▸ ASSIGNED TASK:
Could you restate the whole listing below word for word, minus the pictures?

── THE DATA

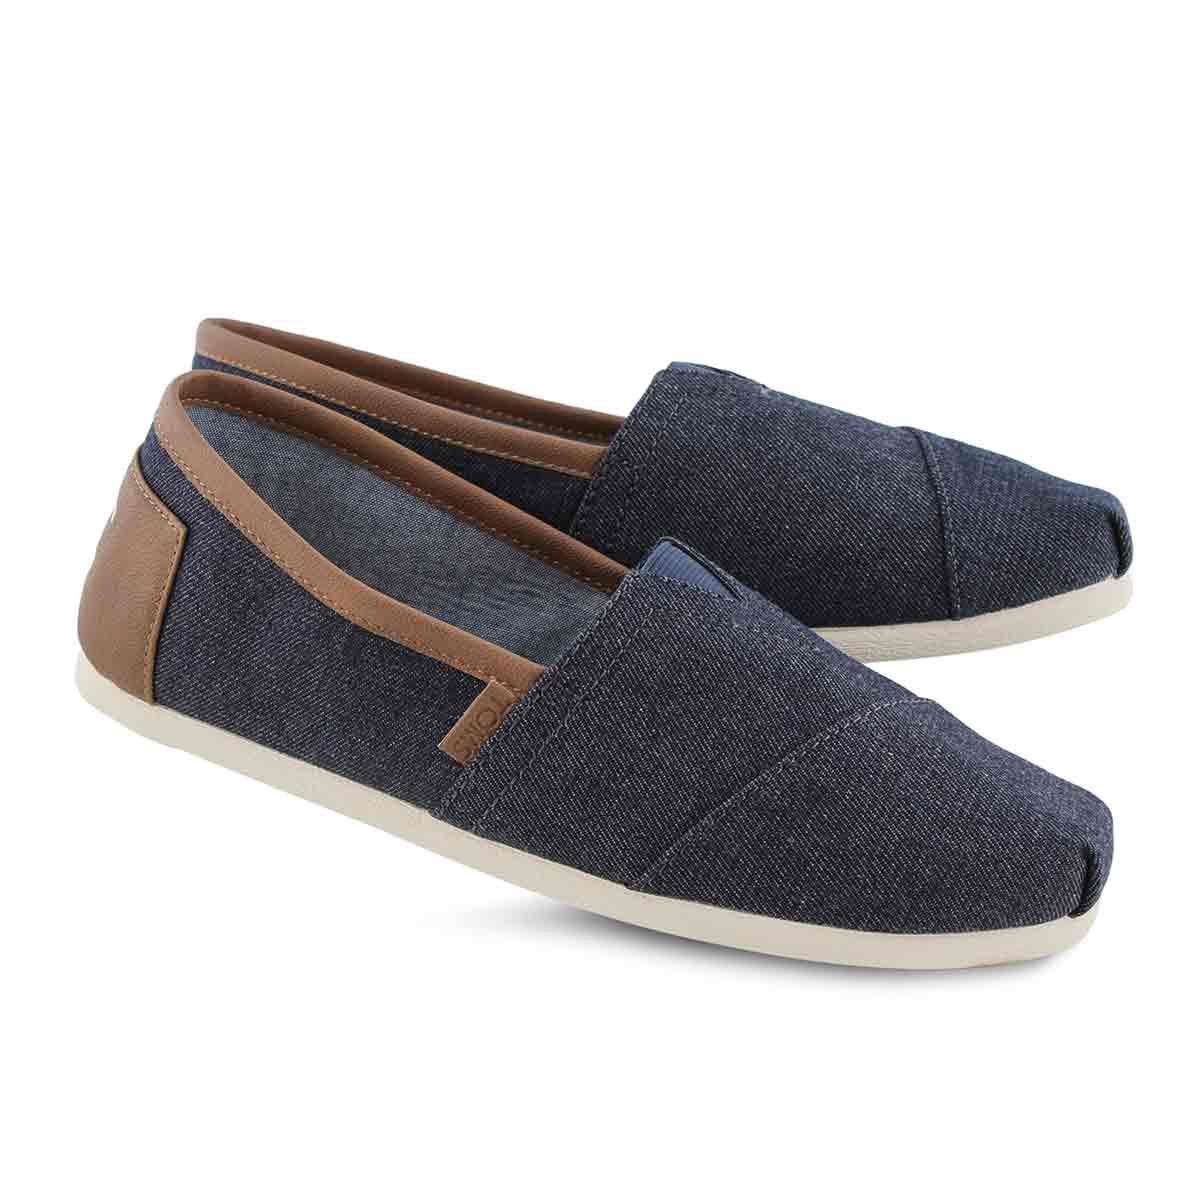 Mns Classic Lthr Trim denm casual loafer
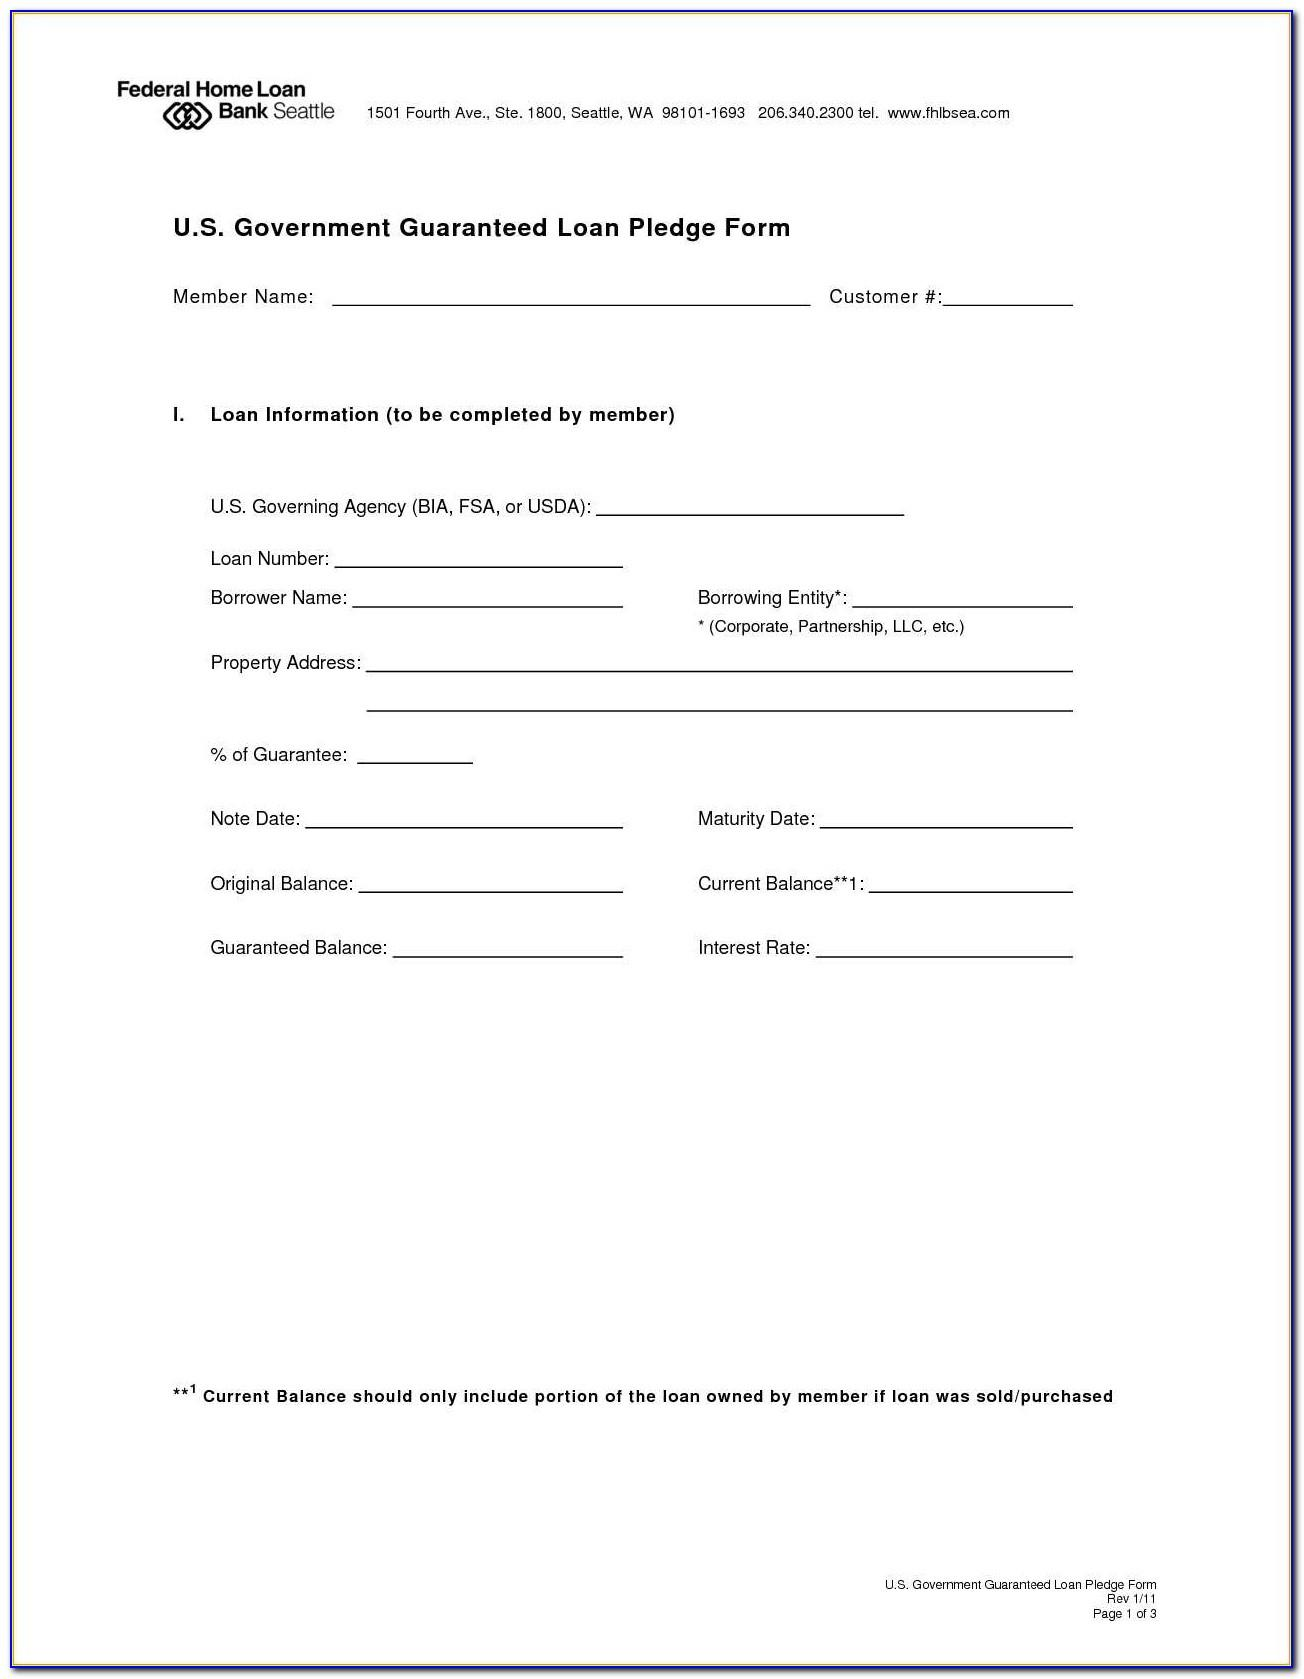 Legal Affidavit Forms Free
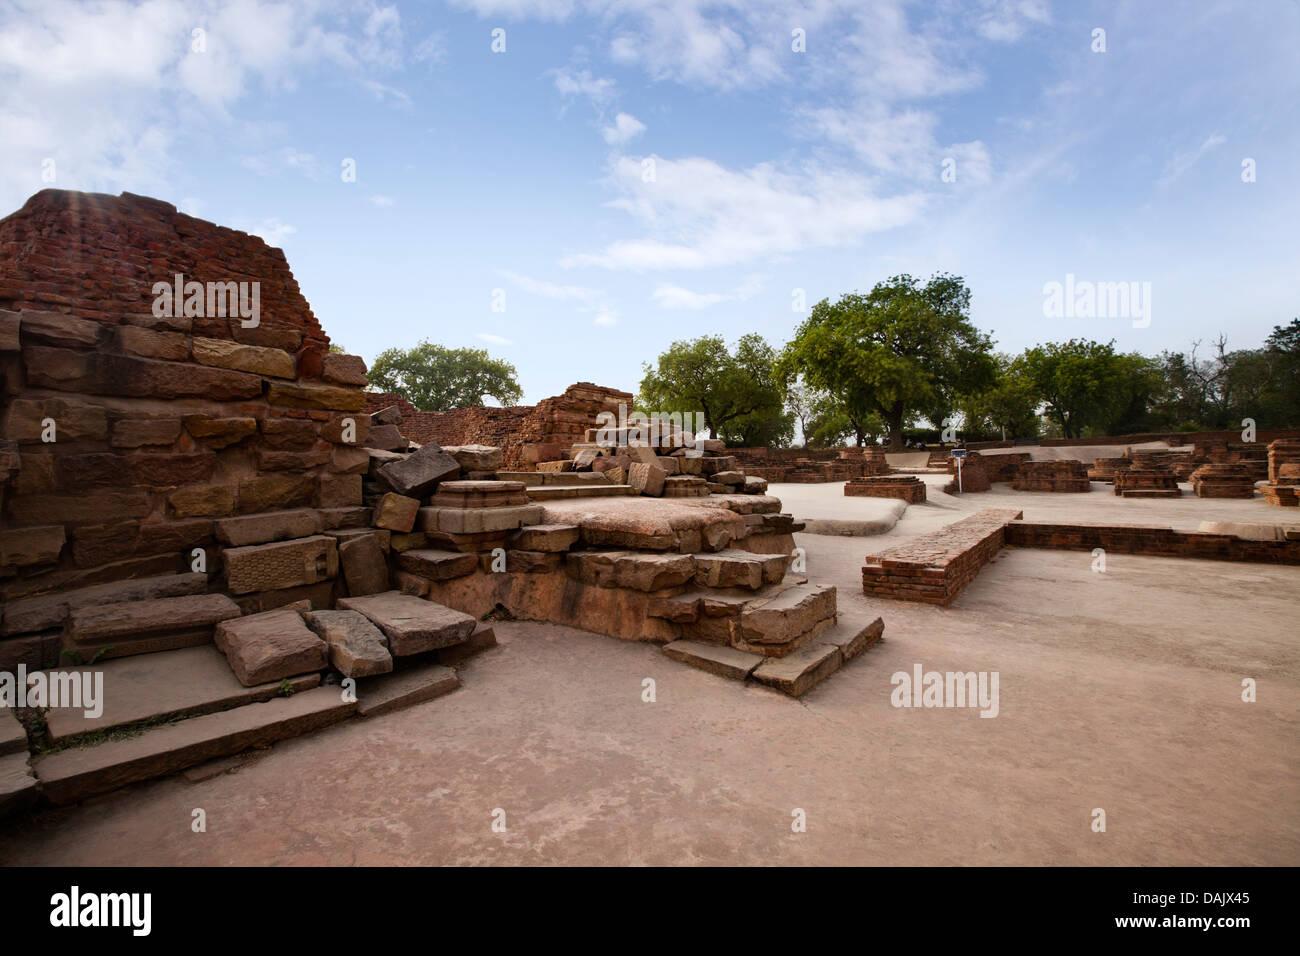 Ruins at archaeological site, Mulagandha Kuti Vihar Temple, Sarnath, Varanasi, Uttar Pradesh, India - Stock Image

────

▸ ANSWER SECTION:
 Mns Classic Lthr Trim denm casual loafer
 Legal Affidavit Forms Free
 Ruins at archaeological site, Mulagandha Kuti Vihar Temple, Sarnath, Varanasi, Uttar Pradesh, India - Stock Image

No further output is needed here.